No es una regla de oro, pero las inquietudes literarias suelen acuñarse a una temprana edad. Por lo general vienen acompañadas de muchas lecturas, aunque más importante aún es el hecho de que están ligadas a una serie de amistades que también cultivan ese amor por las letras. No me imagino haber emprendido la trayectoria de la literatura —ya sea como profesor de esta disciplina, ya como amago de escritor— si no me hubieran encaminado por esta senda algunos de mis reseñables amigos. Pienso en este detalle a colación de la lectura que estoy haciendo de El mundo de ayer, de Stefan Zweig. Una preciosa autobiografía que escribió este autor austriaco justo antes de quitarse la vida (junto con su esposa) en 1942[1]. No creo que exista un mejor legado para hacer a este mundo que dejar un texto de estas dimensiones.
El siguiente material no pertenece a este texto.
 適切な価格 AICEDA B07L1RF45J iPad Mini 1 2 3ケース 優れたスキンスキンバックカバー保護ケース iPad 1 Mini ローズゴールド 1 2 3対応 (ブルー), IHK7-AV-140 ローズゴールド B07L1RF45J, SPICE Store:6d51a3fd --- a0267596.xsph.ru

Un libro que debería ser obligatorio en los colegios para enseñar grandes valores: la tolerancia, el esfuerzo, la búsqueda de la belleza, la defensa de la paz, la amistad incondicional… Todavía no termino de leerlo y ya sé que va a ser uno de mis libros favoritos.
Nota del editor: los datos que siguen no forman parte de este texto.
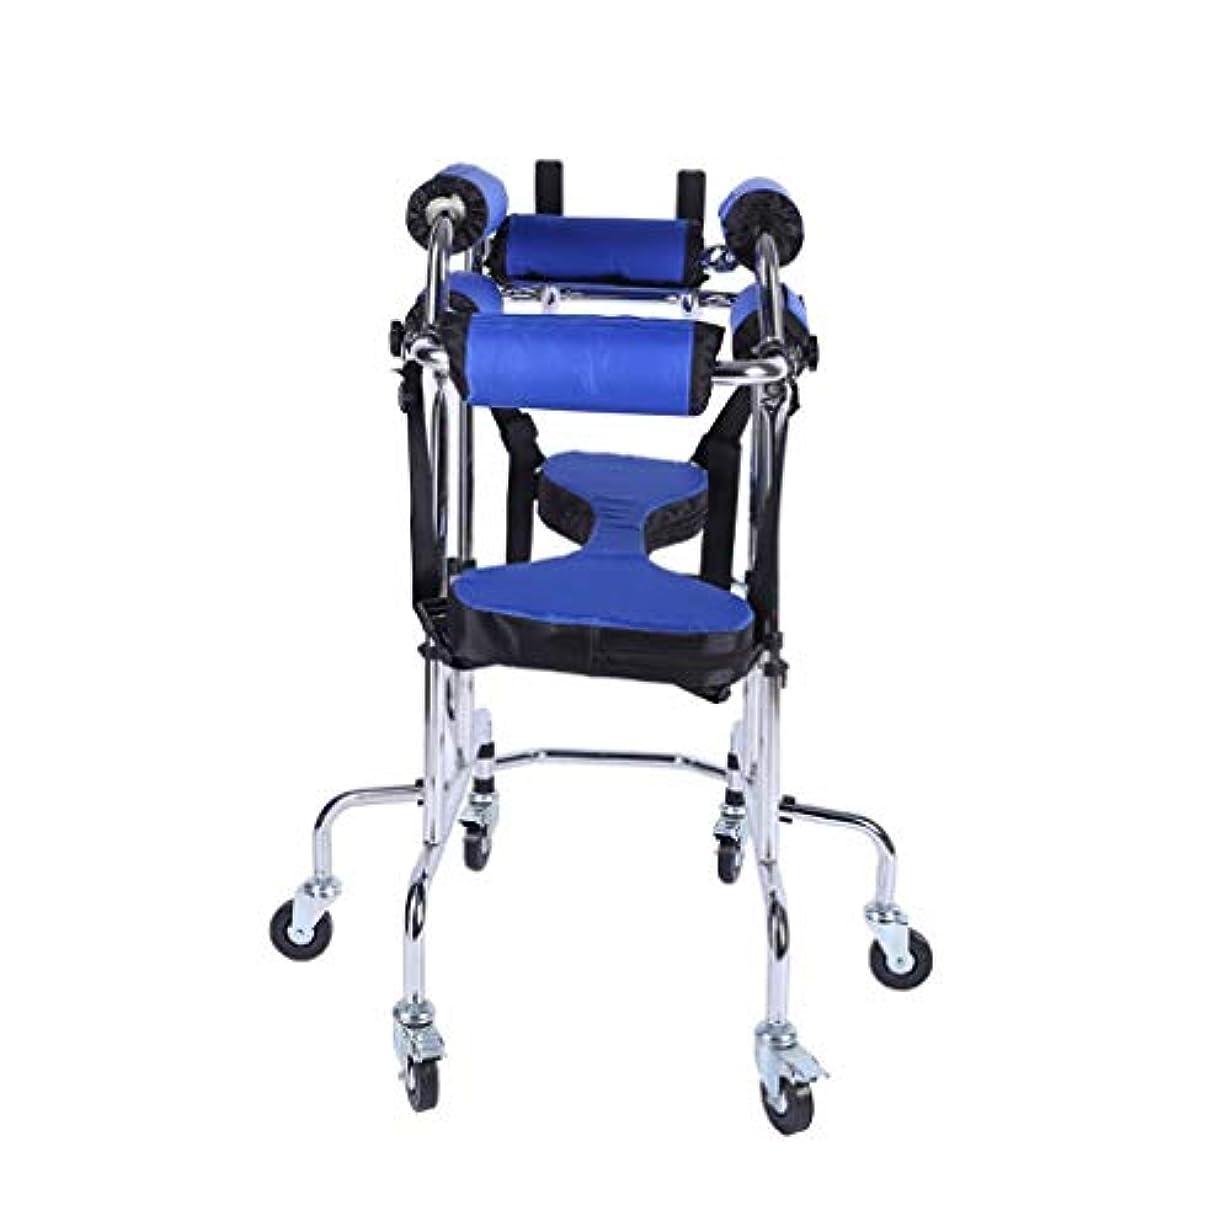 パプアニューギニアリムにやにやチャイルドウォーカー/下肢トレーニングおよびリハビリ機器/リハビリ機器/スタンディングウォークスタンド/ウォークエイド/ウォーカー/スタンドフレーム付きシートホイール

Volviendo al tema de esta columna quería rescatar algunas de las líneas que Zweig escribe sobre su iniciación literaria. Para empezar, recuerda en su libro, con mal sabor de boca, el tipo de enseñanza que recibió en su niñez. Clases aburridas en las que el profesor era una figura atemorizadora y el saber una obligación tediosa. Por fortuna, conforme fue creciendo también fue obteniendo un poco más de libertad. A ello se aunó la suerte de encontrarse con un grupo de amigos del instituto que tenían las mismas inclinaciones que él; un gusto desenfrenado por la lectura:

“[…] Y sobre todo, leíamos, leíamos todo lo que nos caía en las manos. Sacábamos libros de todas las bibliotecas públicas y unos a otros, nos dejábamos prestados los hallazgos que conseguíamos encontrar. Pero la mejor academia, el lugar donde mejor se informaba uno de todas las novedades era el café.”

Lo vivido por Zweig no es exclusivo de su época. Una cafetería es el lugar de encuentro por excelencia para el joven (y no tan joven) literato. Un sitio propenso para las tertulias con los amigos o la lectura individual. Quien dedique su vida a la escritura, casi podría asegurarlo, afirmará que ha invertido muchas horas de su vida reuniéndose con colegas en estos lugares para comentar aquellas obras que le han apasionado, para trabajar algún texto suyo o de alguno de sus compañeros, o tan sólo para deleitarse con el libro de turno. Es el entorno donde comienzan a gestarse los andares del escritor. Zweig nos abre una ventana para mostrarnos cómo era en su tiempo el café:

“Para comprenderlo hay que saber que el café vienés es una institución muy especial, incomparable con ninguna otra a lo largo y ancho del mundo. Se trata, de hecho, de una especie de club democrático, abierto a todo aquel que quiera tomarse una taza de café a un buen precio y donde, pagando esta pequeña contribución, cualquier cliente puede permanecer horas, charlando, escribiendo, jugando a cartas […] y, sobre todo, consumir una cantidad ilimitada de periódicos y revistas”.

Este café vienés permitía al público un acceso a periódicos de todo el imperio alemán y de otras nacionalidades. Sin olvidar la disposición, según Zweig, de las revistas literarias más importantes del mundo:

“Pasábamos ahí horas enteras cada día y no había nada que se nos escapase, pues gracias a la comunión de intereses, seguíamos de cerca el orbis pictus de los acontecimientos culturales no con dos, sino con veinte o cuarenta ojos; lo que a uno se le pasaba por alto lo retenía el otro, y como la arrogancia infantil y una ambición casi deportiva nos impulsábamos a superarnos en el conocimiento de las últimas novedades […]”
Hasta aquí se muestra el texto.